CMS making changes for Medicare plans

October 1, 2009

CMS wants to reduce low-value plans and improve information systems to help seniors shop for the best coverage options

The Centers for Medicare and Medicaid Services (CMS) seeks to make it easier for beneficiaries to select appropriate coverage by reducing the number of low-enrollment plans and those with indistinguishable benefit options, according to Jonathan Blum, acting director of CMS's Center for Drug and Health Plan Choices, which governs Part C and D programs.

Two sponsors discontinued private fee-for-service (PFFS) offerings last spring, and more are expected to follow suit as new curbs on PFFS plans kick in for 2011. Even so, all parts of the country will have some Part C plans next year, Blum reported at last month's Medicare conference, sponsored by America's Health Insurance Plans.

A top CMS priority is to eliminate discriminatory enrollment and marketing activities. CMS is looking hard at insurer cost-sharing policies that impose high copays for services used by chronically ill patients. Plans have to communicate coverage and cost changes "in the most responsible way," Blum said, adding that CMS has its eye out for "bait-and-switch" sales ploys and has "diminished tolerance" for fraud and abuse.

The agency wants to ensure that capitated payments support high-quality benefits and appropriate coverage, and that benefits paid for are actually received by patients. More regulations governing Part C are in the works, with an eye to finalizing more consumer protection rules next year.
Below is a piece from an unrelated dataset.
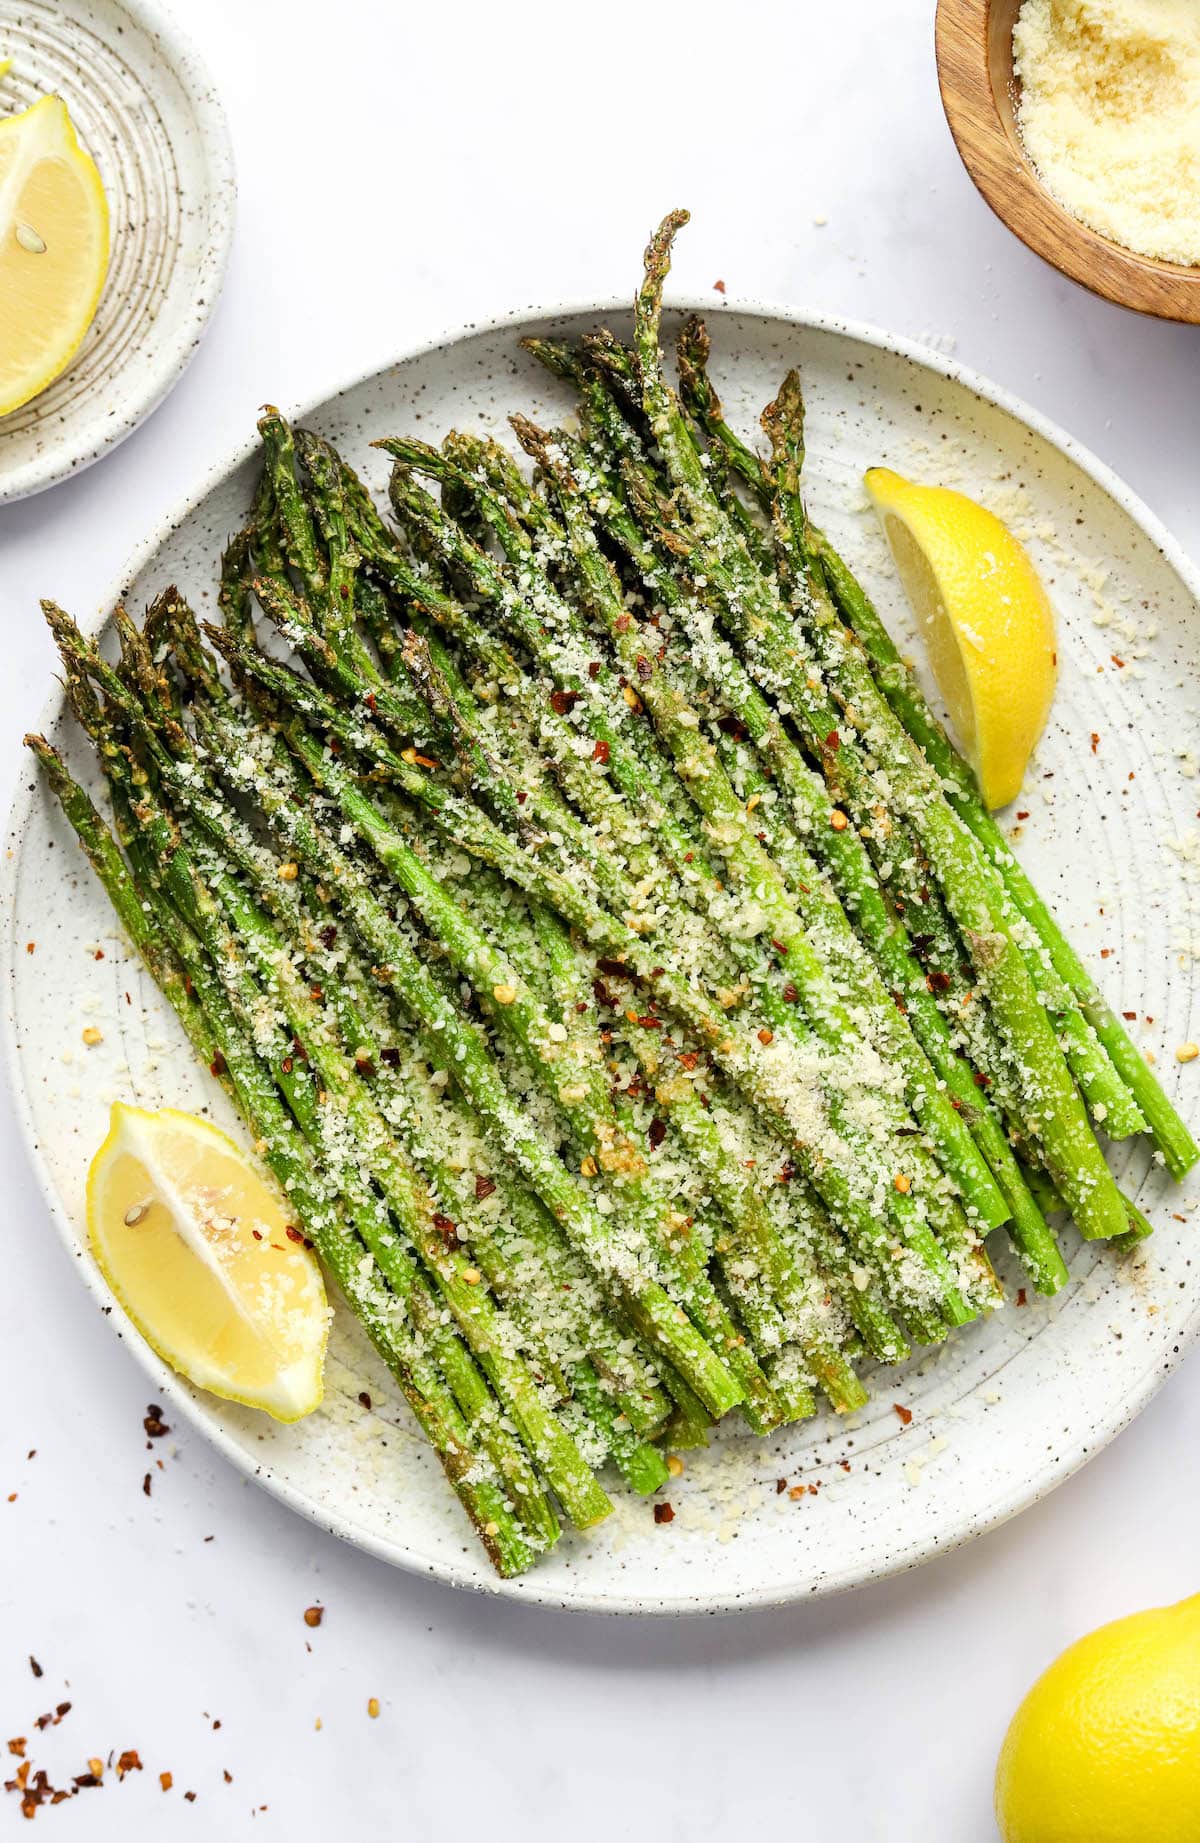 https://www.eatingbirdfood.com/wp-content/uploads/2022/02/air-fryer-asparagus-hero.jpg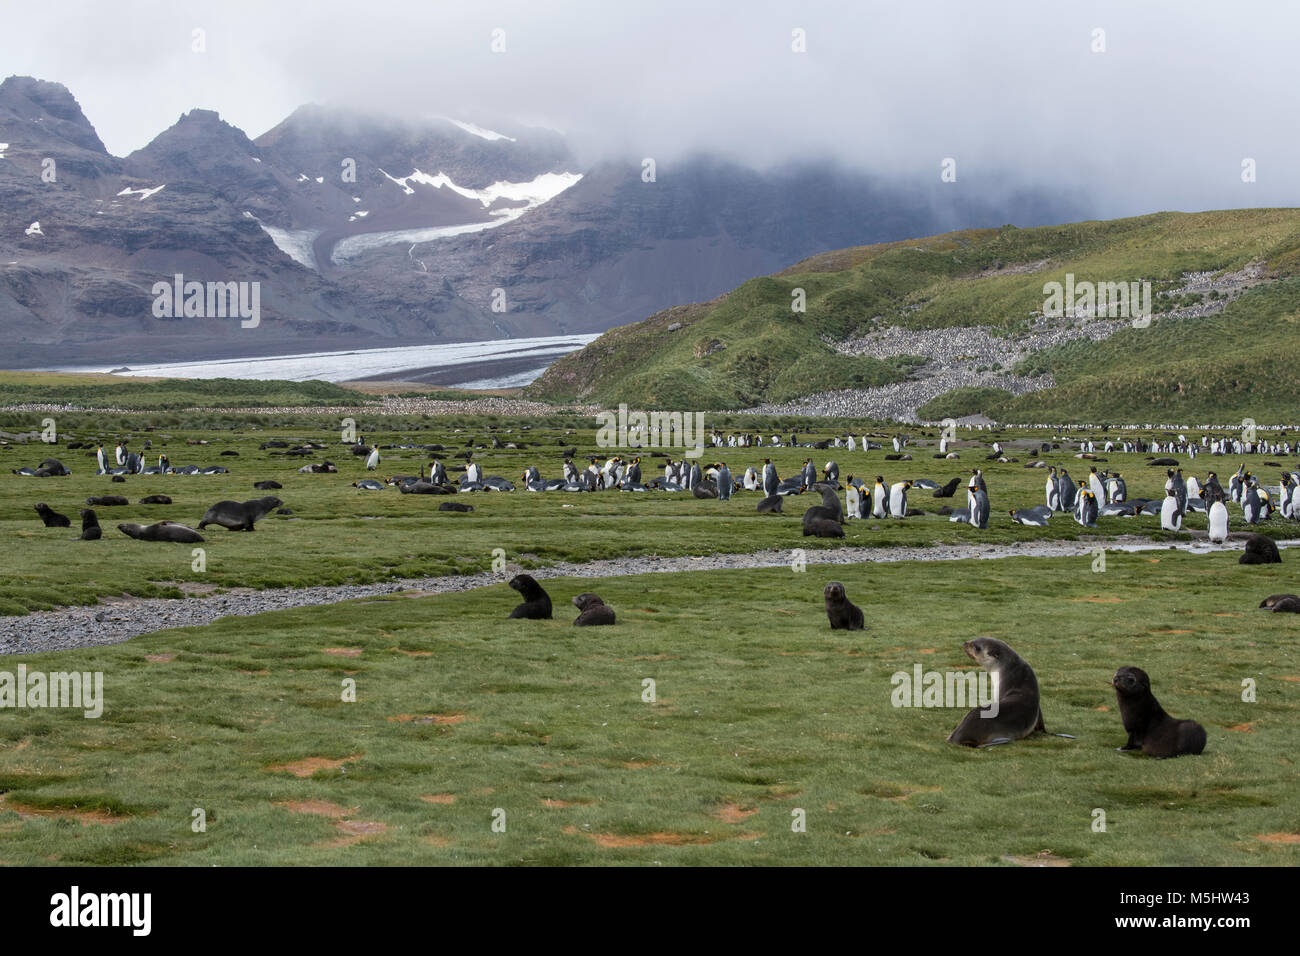 South Georgia, Salisbury Plain. King penguins and fur seals in typical tussock grass habitat. Stock Photo

A related initiative is to evaluate payment policies to ensure that plans are paid accurately and fairly. While reform legislation could make significant changes in payments to MA plans, CMS intends to collect more data to determine how payment influences delivery of services and to ensure that appropriate payment policies lead to better outcomes.

EXCHANGING INFORMATION

Despite efforts to help seniors learn about appropriate plan coverage, CMS officials fear the abundance of coverage choices offered each year makes it difficult for beneficiaries to navigate the system. Blum said that CMS Web site tools provide too much information or may not provide the right information. The agency wants to assess what factors help a beneficiary understand coverage options and lead to enrollment in a certain plan, including the role of brokers and Web sites.

Seniors also may benefit from proposals to begin the annual open enrollment period earlier to avoid the end-of-year rush. Such a change would put pressure on CMS to distribute plan information earlier and would alter marketing and enrollment operations by insurers.

Efforts to improve the Medicare Web site and beneficiary information services on Part C and D coverage options provide a model for developing more extensive government-sponsored insurance exchanges, as proposed in reform legislation. CMS essentially operates an "exchange" for seniors, which illustrates the importance of accurate payment and benefit information and useful plan quality measures for beneficiaries to be able to navigate choices.